The electric field distribution between the two test electrodes was shown in Figure 6. The two test electrodes (Figure 5) had a range from 25 mm to 28.3 mm (Figure 6(a)) and −9.5 mm to 9.5 mm (Figure 6(b)). The electric field of paper or oil was uniform along the direction of line ab between the two test electrodes (Figure 6(a)). The curve (Figure 6(b)) shows the electric field distribution of oil along the vertical direction of line ab. The electric field distribution of paper along the vertical direction of line ab was in accordance with that in Figure 6(b). Thus, the electric field of paper or oil was also uniform in the vertical direction of line ab between the two test electrodes. Therefore, the electric field distribution between the two test electrodes was uniform.

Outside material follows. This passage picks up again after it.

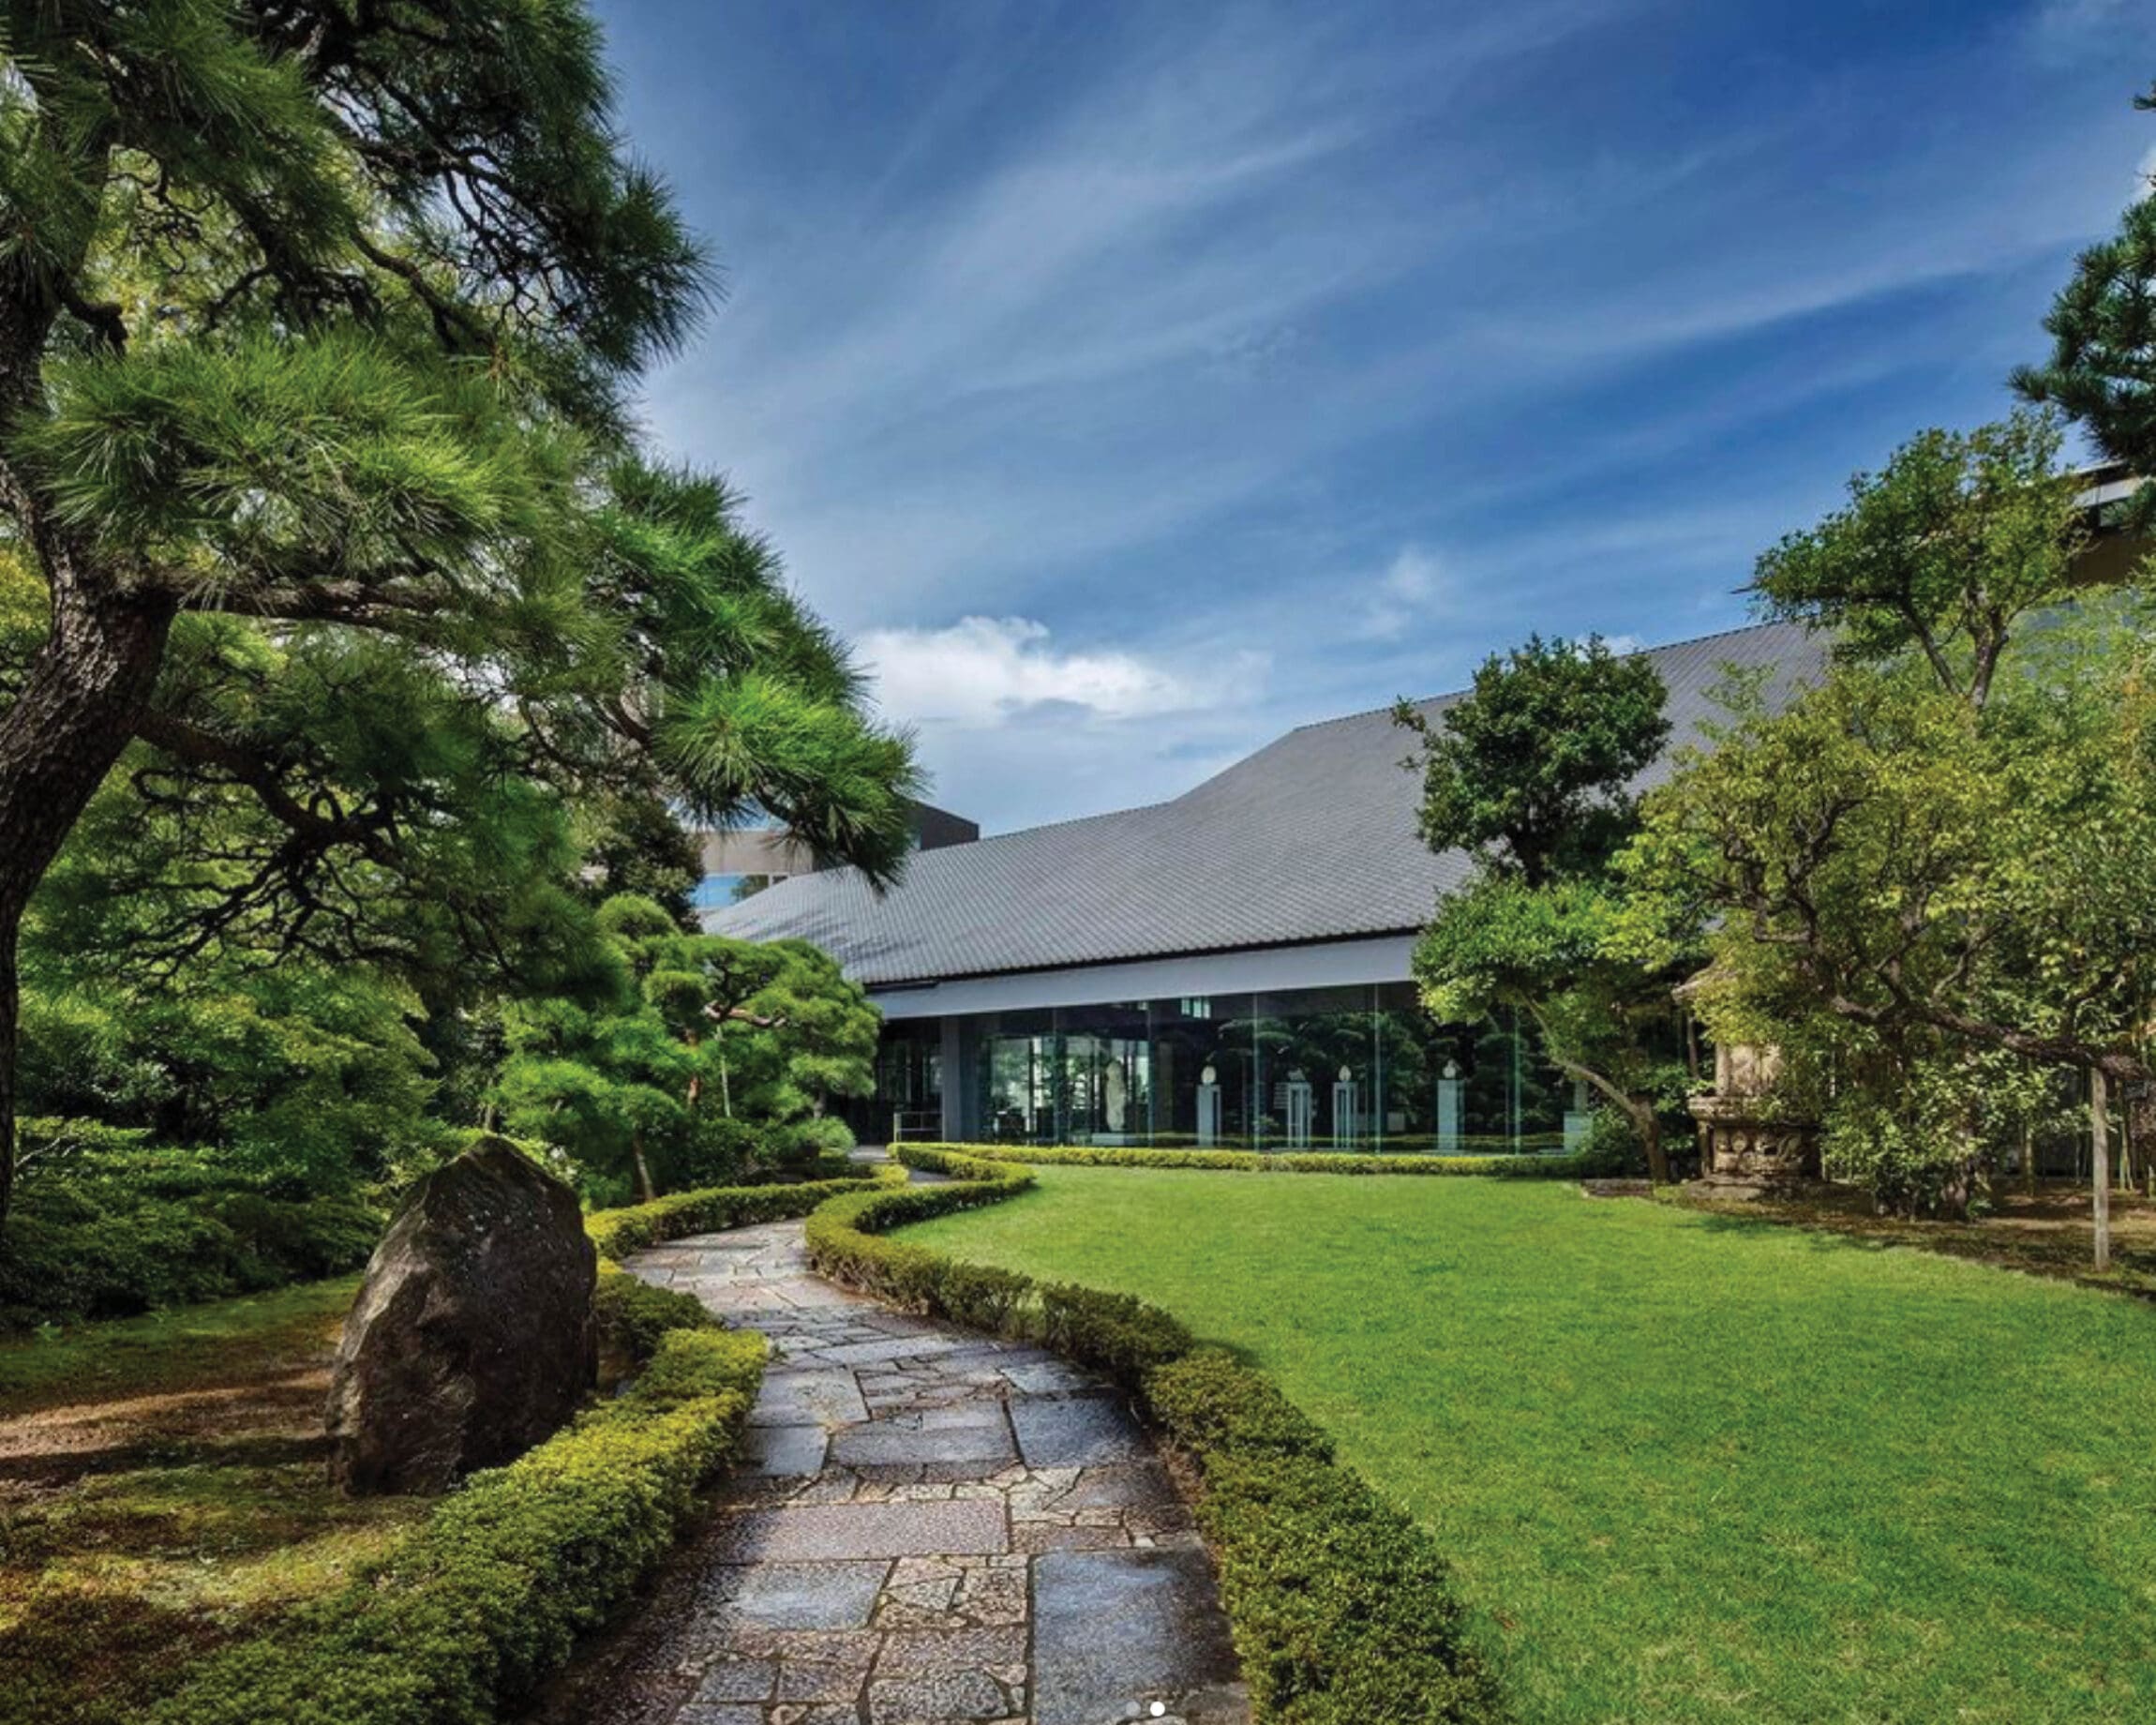 The best museums in Tokyo | the exterior of Nezu Museum in a peaceful garden

The diagram of the electrodes for measuring the breakdown voltage of the handsheet was shown in Figure 7. The diameter and height of the high-voltage (HV) and ground electrodes were both 25 mm. A copper bar was used to connect the HV electrode with the HV AC current power. In this test, mineral oil was used for the dielectric in the stainless steel box.
The focus of the experiment was the effect of the relative permittivity on the breakdown voltage of the composite insulation system. Therefore, the thickness of the oil gap was only 3 mm. The oil gap was formed in the 3 cm diameter hole of the 3 mm thick paperboard. The external diameter of the paperboard was 6 cm. The thickness of the four kinds of experimental handsheet papers (Kraft, K-3% MMT, K-6% MMT, and K-9% MMT) were 0.15 mm in this experiment. Their relative permittivity at 50 Hz was 2.55, 2.51, 2.48, and 2.30, respectively. The handsheet paper was cut into 4 cm diameter circles. All samples were put into the vacuum chamber and were dried at 90°C for 48 h, and then the mineral oil at 40°C was infused into the glass bottles in the vacuum chamber to immerse samples for 24 h. The moisture content of oil impregnated paper was 0.4% through such processing. MMT was a kind of phyllosilicate with wide specific surface area. As a very good barrier, MMT nanosheet could certainly resist the current going through the insulating paper. Figure 8 presented the mechanism of MMT resisting the current. It seemed to increase the growth path for the electrical tree; thereby the breakdown electrical field strength has been improved.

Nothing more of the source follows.